Pourquoi les "réformes" passent mal : Sarkozy n'est pas si malin

Publié le 26 avril 2009 par Omelette Seizeoeufs

On ne peut pas réformer la France. Les français sont trop attachés à l'État jacobin. C'est l'immobilisme, le conservatisme bien pensant de gauche, forme bien connue de terrorisme intellectuel d'ailleurs, des privilégiés qui ne font que protéger leur bout de gras, au mépris du Brave New World qui est pourtant à portée de main. Évidemment c'est l'Éducation Nationale qui est le domaine le plus immobiliste, conservateur, "terroriste intellectuel" etc.

Tout cela, vous, comme moi, le connaissez par coeur. Sarkozy et les sarkozÿens sont allés assez loin dans cette idéologie et ont même réussi à énerver des chercheurs que l'on pensait perdus définitivement à la politique. Même l'armée (!) n'a pas été tout à fait épargnée. La police n'est pas contente. Les hôpitaux sont en train de se réveiller.

Pourtant, malgré ce qui passe pour des évidences, et malgré les idées reçues sur le sujet, la thèse de l'immobilisme socialo-gaulois ne me convainc pas. La lenteur avec laquelle le monde de la recherche et de l'enseignement supérieur a réagi aux "réformes" est assez significatif. Les premières initiatives de Valérie Pécresse, lancées pendant que l'on ne pensait qu'au Fouquet's et aux yachts maltais, étaient passées comme autant de SICAVs à la Banque Postale, jusqu'à ce que des étudiants, agissant contre l'avis des syndicats étudiants, ont commencer à râler.

Juste pour se remettre dans l'ambiance, voici un titre du 29 novembre 2007 :

Le mouvement étudiant ne s'essouffle pas.
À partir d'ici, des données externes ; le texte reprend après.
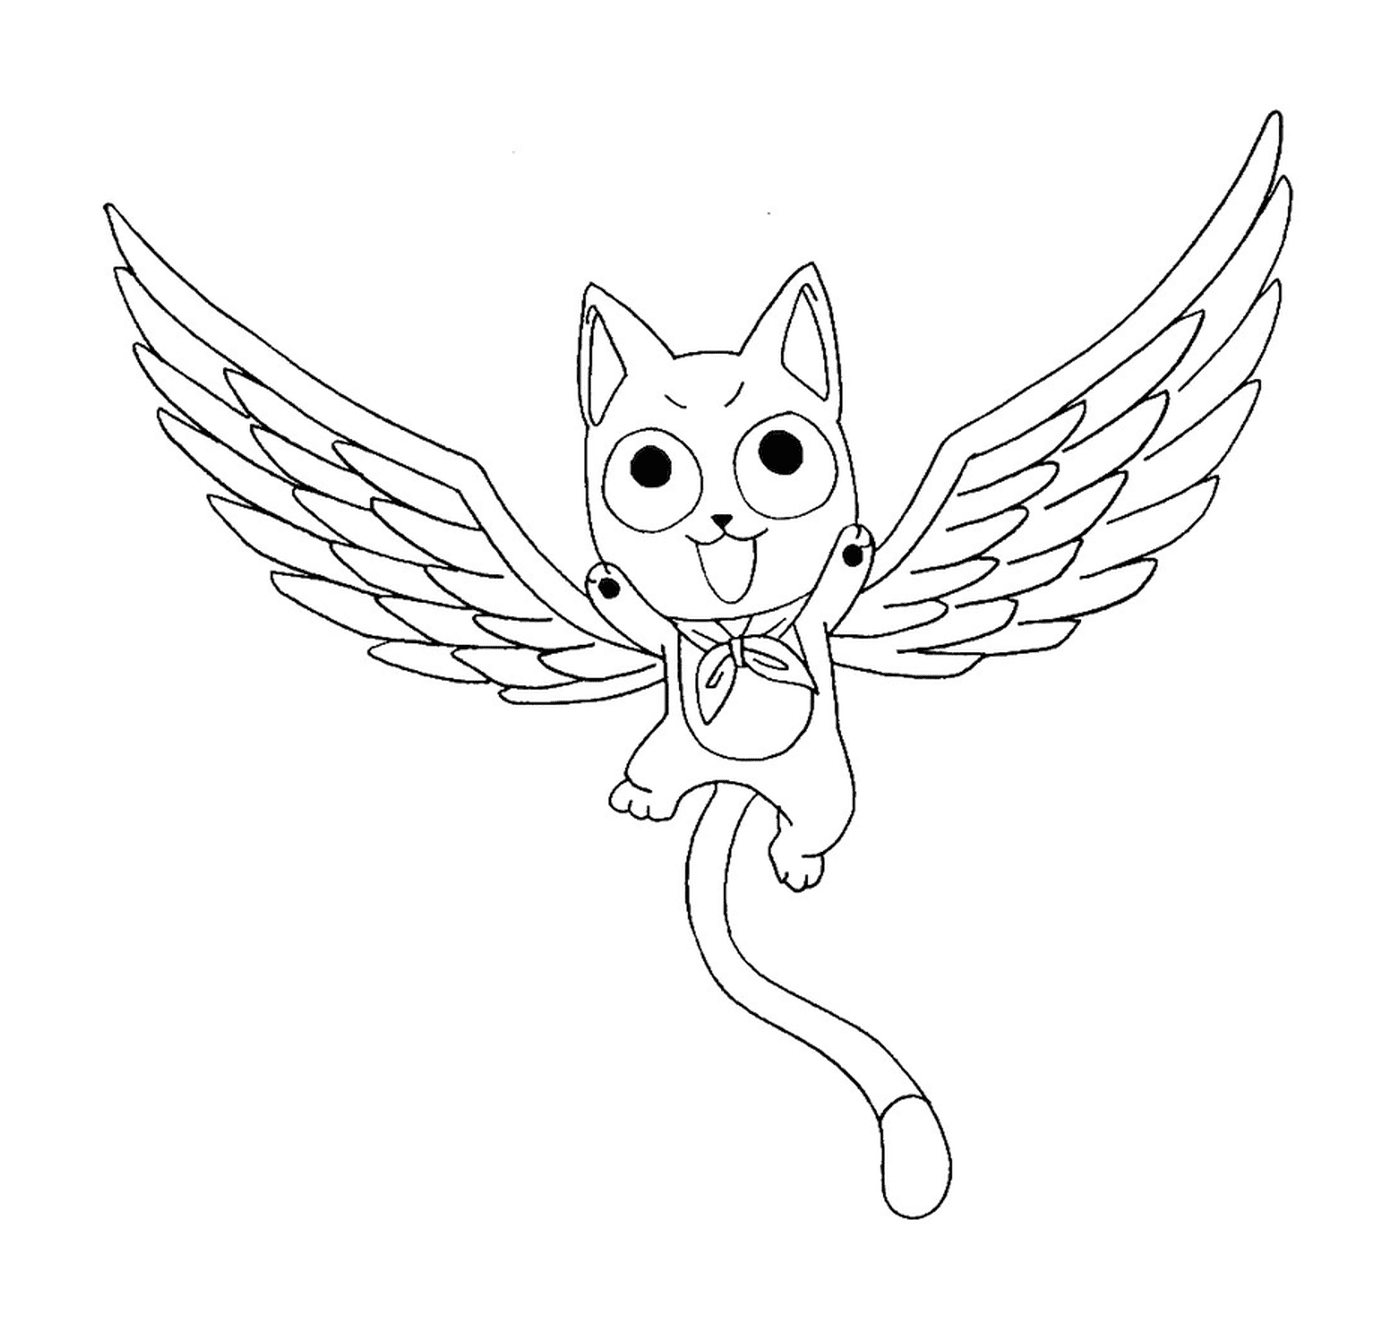  Un gato con alas volando

De nombreuses manifestations ont eu lieu ce jeudi, 35 sites universitaires étaient encore bloqués, selon le syndicat l'Unef. Ainsi, les mesures annoncées par Valérie Pécresse pour désamorcer la crise contre sa loi sur l'autonomie des universités n'ont pas eu d'effet notable sur les étudiants. Toutefois, l'Unef appelle "les assemblées générales" à "la levée des blocages".

Bien sûr, c'était l'époque du sarkozyzme triomphant, quand les billets vous sortaient des doigts presque déjà écrits, tant le monde semblait marcher à l'envers. Mais c'est pour dire que les "résistances", les "immobilismes" n'étaient pas au rendez-vous.
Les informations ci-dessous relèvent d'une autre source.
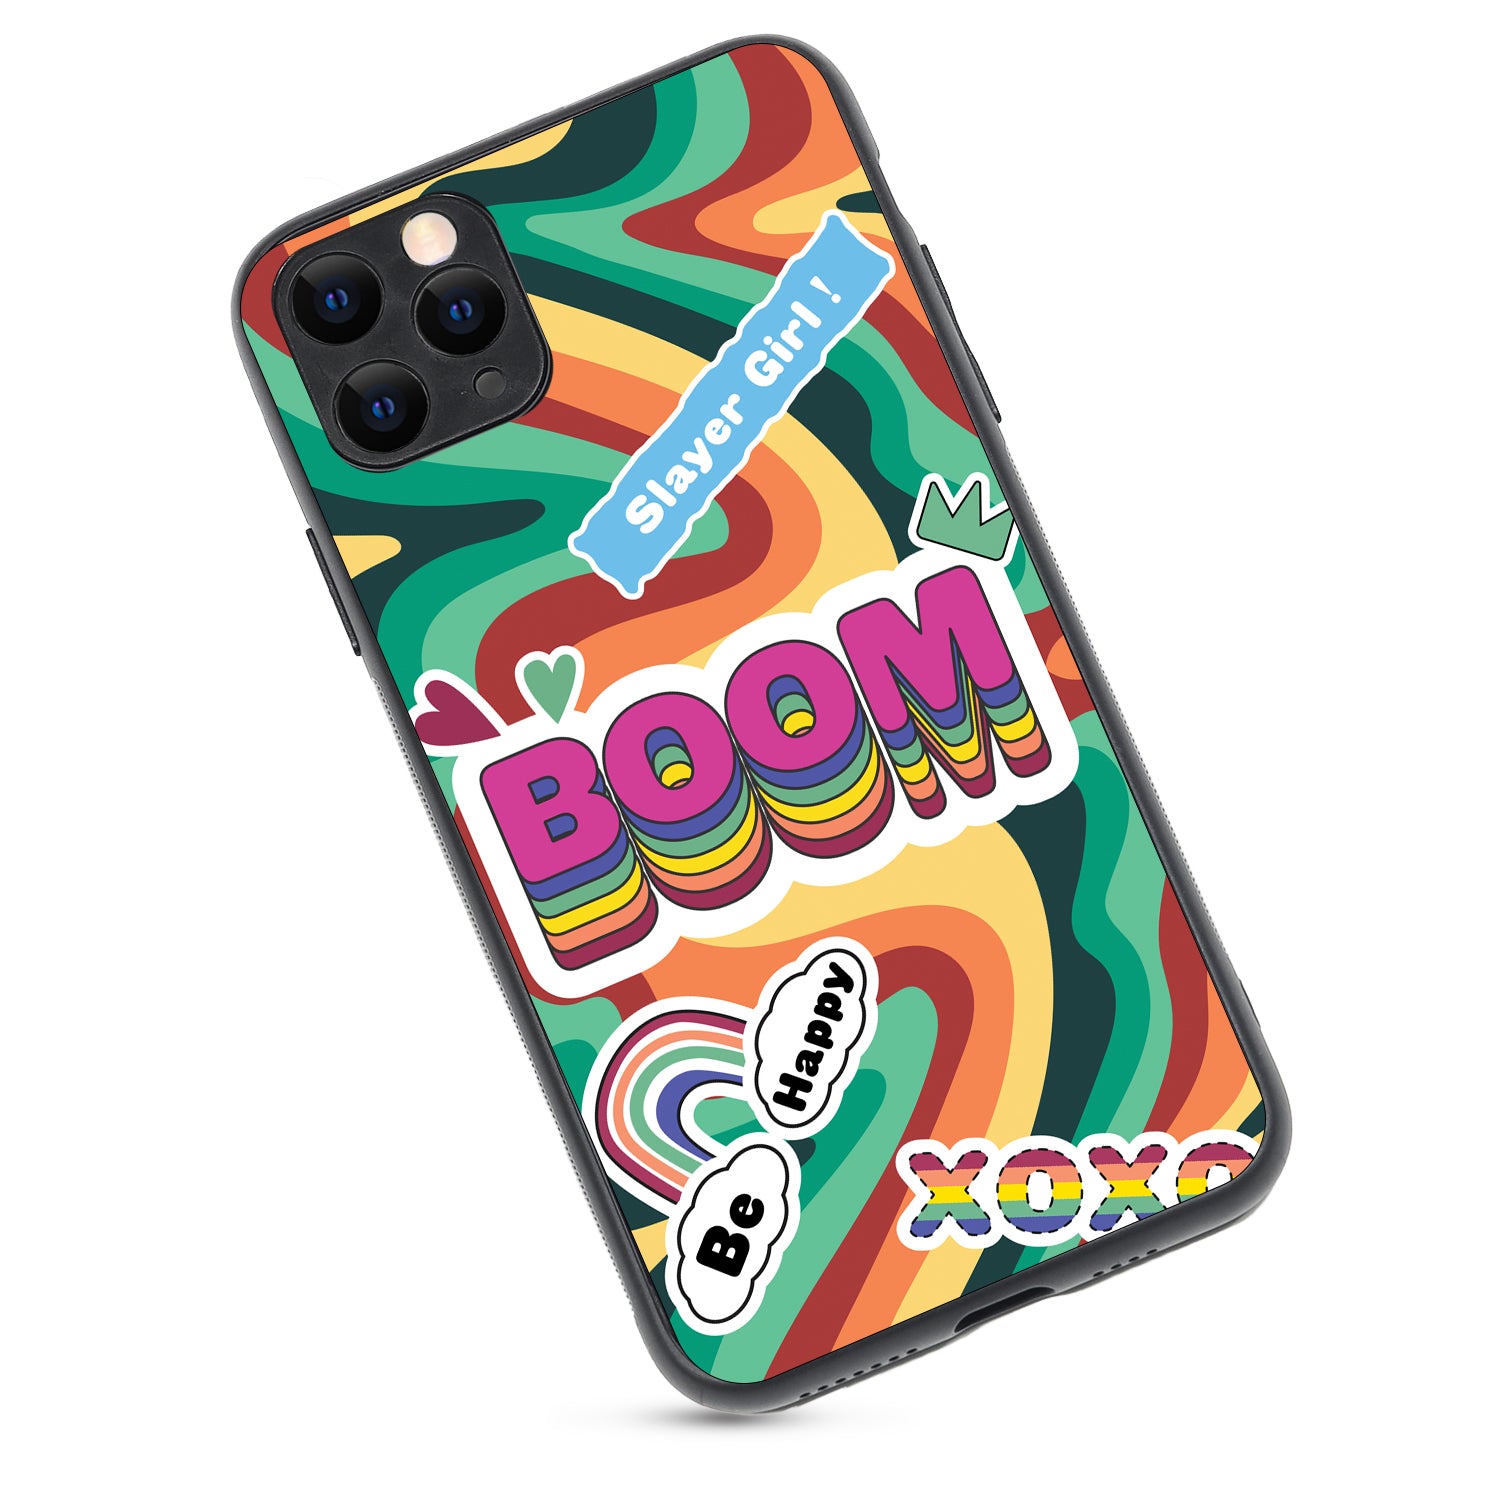 Boom Women Empowerment iPhone 11 Pro Max Case

Je me souviens encore d'un Xavier Darcos annonçant, à peu près à la même époque, le non-remplacement de 13.500 enseignants, tout en insistant que le nombre d'enseignants n'avait rien à voir avec leur efficacité.

M. Fillon a par ailleurs indiqué qu'il s'est "mis d'accord" avec le ministre de l'Education nationale sur le non remplacement de 13.500 enseignants l'année prochaine.

[...]

M. Darcos plaide "pour une meilleure gestion" qui "permet de dégager des marges de manoeuvre dans l'éducation nationale". source

Voilà, l'idée : on coupe, mais on transforme ; ça ira mieux. C'est sûrement ce que l'on inculque aux futurs gestionnaires, du manager d'hypermarché jusqu'au PDG de multinationale. Réduire les coûts, augmenter l'efficacité, le rendement etc. Grâce à des "réformes structurelles", ce dont on nous rabattait les oreilles pendant bien longtemps.

Et le pire, c'est que des réformes structurelles pourraient être intéressantes. Il y a en a qui sont sûrement nécessaires. Dans la recherche, à l'hôpital, dans la police. Même à l'armée, que sais-je.

Le problème, c'est que, en associant toutes ses réformes à des suppressions des postes, Sarkozy et les siens discréditent automatiquement leur propre discours. Non seulement les "réformes" s'avèrent imbibées d'une idéologie difficile à avaler, mais en plus il devient très vite très clair qu'elles ne sont que l'habillage plus ou moins grotesque des coupes traditionnelles que la droite a toujours voulu pratiquer.

Nous avons beaucoup plus de mal à gober le progrès que le TGH (CDL - Chanoine du Latran) nous promet quand nous nous trouvons exposés, nous-mêmes ou nos collègues, aux conséquences bassement économiques de ces fameuses coupes.

Autrement dit, des "réformes" ne pourront se faire dans un climat de confiance, pour aller vers un mieux, et non vers un pire remaquillé. Du coup, le taux de confiance devient un enjeu important.